Previous Entry Share Next Entry
08:02 am, 7 Apr 08

on my continuing love for dvcs

I spent the weekend hacking on a project that involved a bunch of trying things out -- maybe this object needed to carry that field, or maybe it belonged over here, and each change required a cascade of changes throughout the code. I managed it all with local branches in git. I could write commit #1 with "this is the structural change I intended, but only the unit test compiles", commit #2 with "this other module was no good in the first place and should be another way", commit #3 with "restructure a third module to now use the new interface provided in #1 and 2". Then, when I decided it was no good, I could rewind the branch, start a new one, and transplant patches (like #2 above) from the dead branch and keep on. Right now I have eight branches in my local repo, and I've cleaned up some of the unused ones.

I was attracted to distributed version control initially because I really actually do a significant fraction of my programming offline: on planes, on the shuttle to work (which used to not have wifi). But since then I've come to see it in two new ways, the latter of which took me a while to settle into.

One (I think this is due to Ben) is that it's just locally cached version control: you can develop in the traditional centralized model if you like, where every commit immediately goes out to the server, but your local disk serves as a cache of data so any read-only commands are faster. (This was one of svn's innovations over CVS: they keep a copy of the tree in your .svn directory so "svn diff" is fast. The distributed model is the natural evolution of this.)

The other is that these systems are designed to manage your source code. Any time you're making a temporary backup of a file, or copying a directory into another place*, or making a patch file, or even holding off on checkpointing where you're at until you just get this one other thing working, your code management system is failing you. (I find I make liberal use of git rebase --interactive to squash crazy "this doesn't work yet" commits to make the tree make sense once I've decided the code is right.)

Last Friday on my project at work I ran into this sort of thing, like I'm perpetually running into it. I'm working on a kind of fundamental change to my project and, of course, one of the 120 high-level regression tests fails. In examining that code I find there's a bug in the testing code; the existing design masks the race condition. So now I'd like to fix that bug: what to do? I end up doing a second checkout and rebuilding (~30 minutes), fixing the bug there, rerunning all the tests to verify that bugfix didn't break anything. Then I manually create a patch file and apply it to my first tree. Now, after sending that bug fix for review, I learn that I should've done it a different way -- ok, fix tree #2, use patch -r to unpatch tree #1 and create a new patch to bring it back in ... yuck!

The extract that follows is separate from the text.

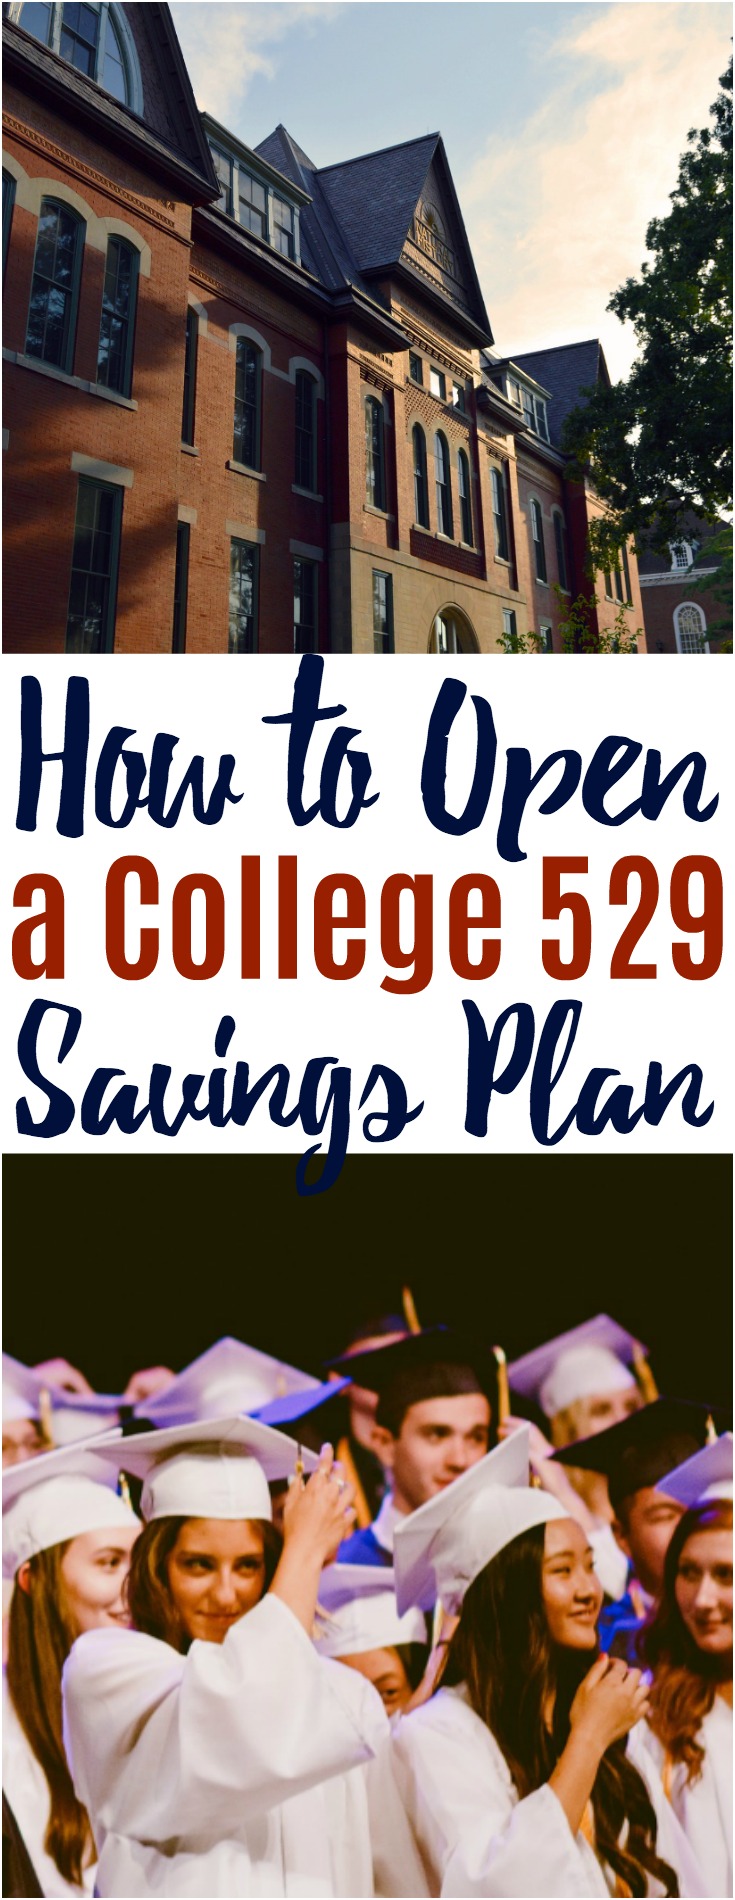 A College 529 plan is a wonderful vehicle to help you save for your child's college. Take these 5 simple steps to help you open a College 529 plan for your child and start saving. #collegesavings #finance #529plan #budget #finance #savingmoney #investing

If I were more confident in my patch-management skills, you could imagine I could skip the second tree: I'd save my current work in a patch file, revert, fix the bug, test the fix, then reapply the patch. And at the code-review point I'd pop two patches off the stack to reshuffle them. (This is, in fact, exactly what Quilt manages.)

But this sort of problem has been solved already in a general way. What I should be able to do is: commit my work in progress in a local branch, rewind, write the bugfix, rebase on top of that. When the review comes, I can rewind and rebase again if necessary. And if I used two checkouts (see the footnote) I could just sync the branches between them, just as if I were making temporary commits server-side.

I still don't love git -- so clunky in so many ways! -- but using it makes me see how obviously useful this stuff is and how silly it will be if we're not all using it in a few years.

* Sometimes this makes sense in circumstances where you want to keep a separate copy of all the build output around. This is arguably the reason you want builddir != srcdir, though in my experience nobody cares about keeping that working.